An international clinical trial has been launched after a cancer drug that targets the root cause of extreme inflammation showed promise in a preliminary study.
In some people with mild or moderate COVID-19, the illness caused by the SARS-CoV-2 virus, their condition briefly improves, only to suddenly worsen.
These people may then develop severe breathing difficulties, known as acute respiratory distress syndrome.
Scientists speculate that even when the infection is being brought under control, the virus can trigger an excessive immune response, causing hyper-inflammation of the lungs and other organs.
This type of inflammatory response is thought to begin when receptors in immune cells called macrophages recognize the genetic material of viruses such as SARS-CoV-2. They respond by initiating a massive release of immune-signalling molecules called cytokines.
This “cytokine storm” appears to cause the hyper-inflammation that damages the lungs and other organs of critically ill patients. Currently, no proven treatment can prevent or reverse the damage.
In macrophages, an enzyme called Bruton tyrosine kinase (BTK) is responsible for initiating the cytokine storm.

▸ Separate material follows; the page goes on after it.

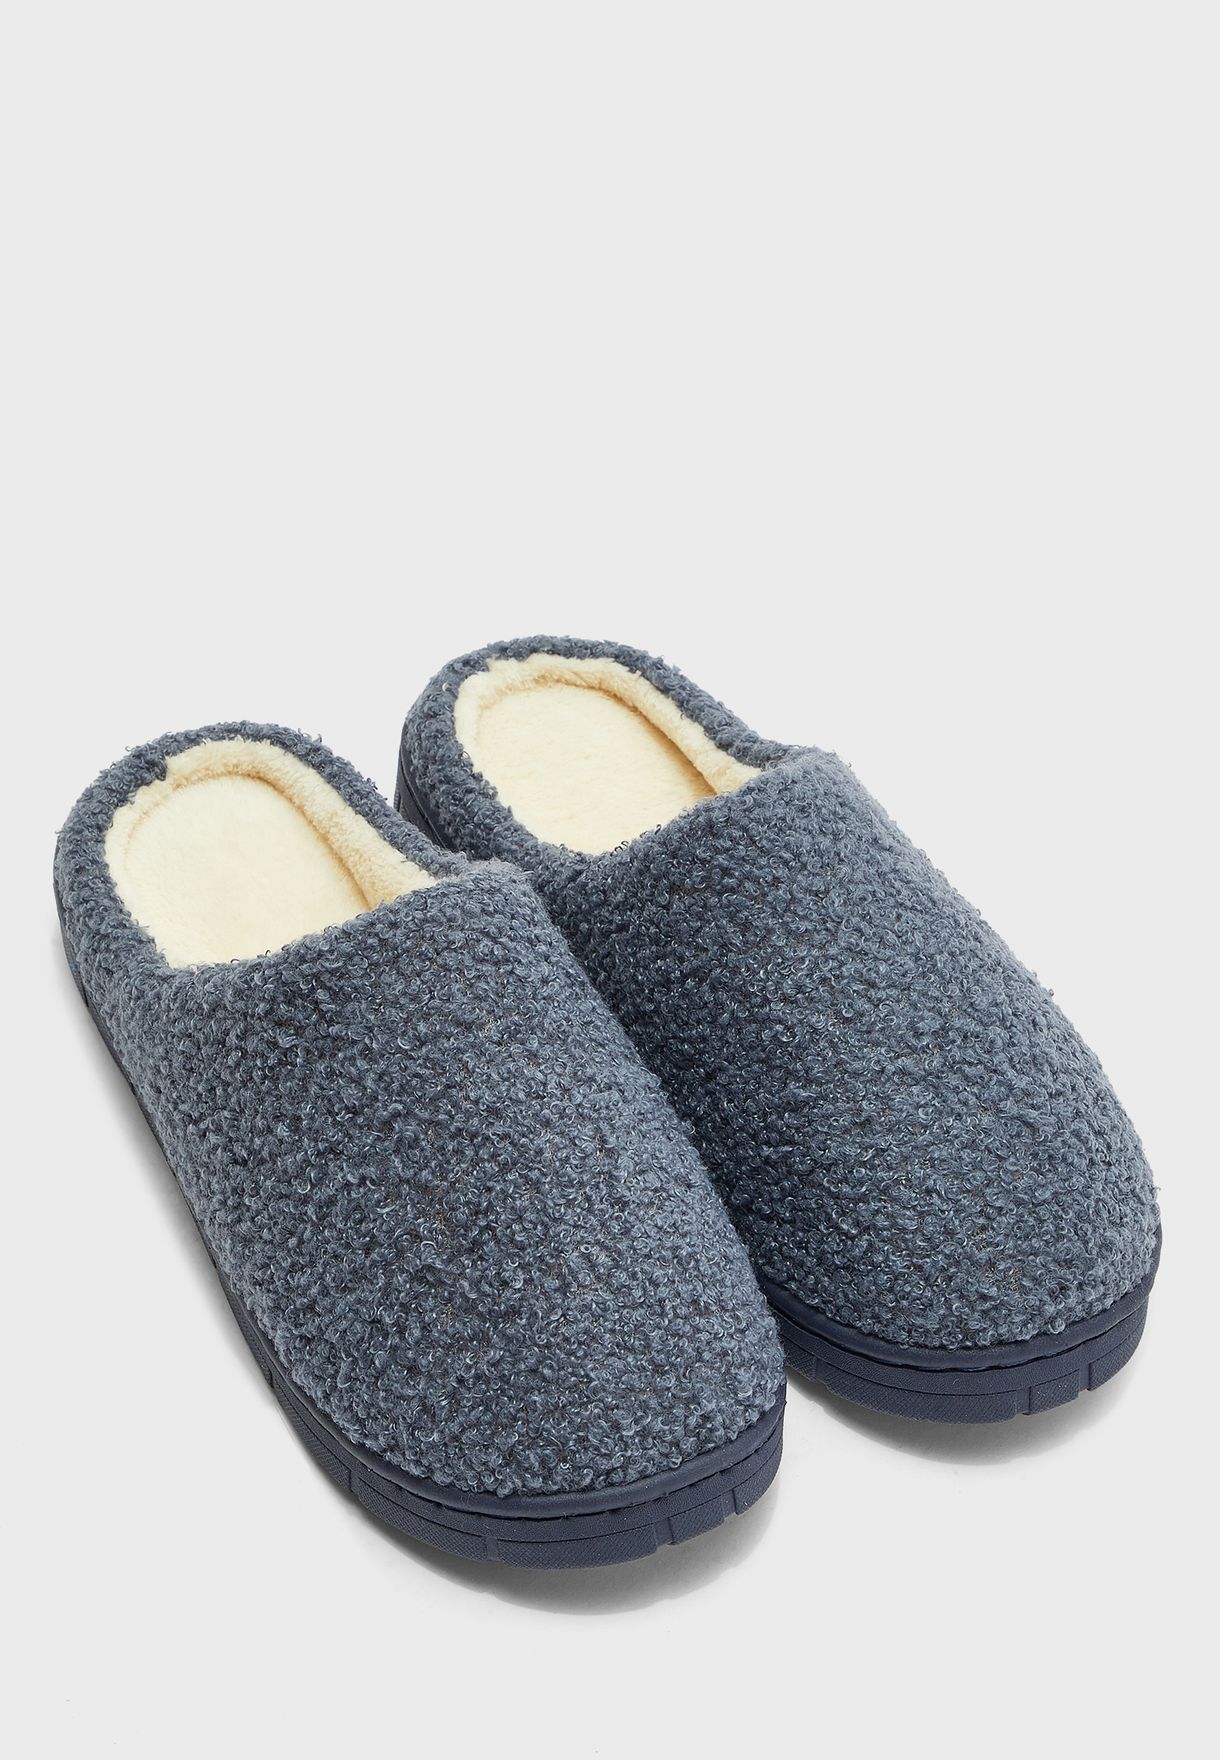 slip on bedroom slippers

A drug that inhibits the activity of BTK — called acalabrutinib — is already in use as a treatment for certain blood cancers.
Researchers at the National Cancer Institute, in the United States, realized that because acalabrutinib inhibits BTK, it could potentially reduce inflammation in people with severe COVID-19.
To test the safety and efficacy of the drug in this context, they collaborated with scientists at the National Institute of Allergy and Infectious Diseases, the Walter Reed National Military Medical Center, and four other hospitals in the country.
The researchers have published the results of their trial in the journal Science Immunology.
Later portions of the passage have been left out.